Un'altra osservazione e rischia di finire all'Ade.

-Cara, che cosa succede? Vuoi parlarne?- il suo sguardo si addolcisce e mi posa una mano sulla spalla.
- Magari più tardi, Vin- dico stando attenta a non far trapelare l' irritazione dal mio tono di voce. Per quanto gli voglia bene e sia felice che lui si sia offerto di farmi da supporto, non sono dell'umore giusto.
Sono sicura che, non appena il malumore scomparirà, mi sentirò irrimediabilmente in colpa per il mio atteggiamento scorbutico e sgarbato.
Lunatica, direi che è un aggettivo che mi si addice alla perfezione.

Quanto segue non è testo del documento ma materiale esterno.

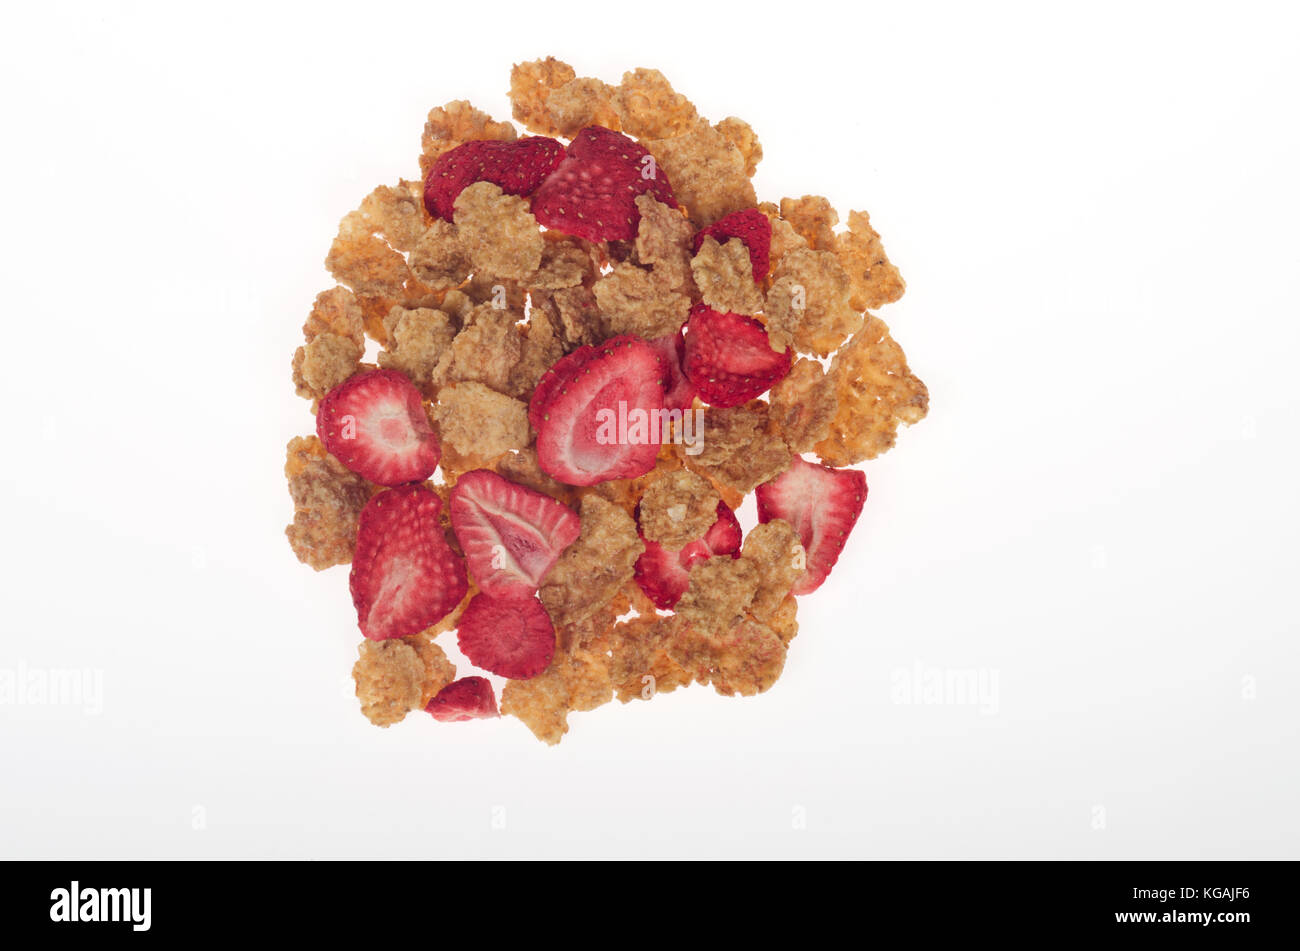 Kellogg's Special K with red berries cereal isolated on white background Stock Photo

Lui sembra comprendere il mio malumore, allora mi spinge verso l'entrata e mi sorride con fare incoraggiante.

-Ed Helen?- chiedo mentre ci posizioniamo in fila davanti alla cassa.

-Oh, eccola- la saluta con un cenno mentre io le sorrido, anche se forzatamente. Ma che mi succede oggi?

-Buongiorno!- esclama raggiante. Lei sì che sembra aver dormito. E anche molto bene, dato il sorriso che non accenna a smettere di allargarsi.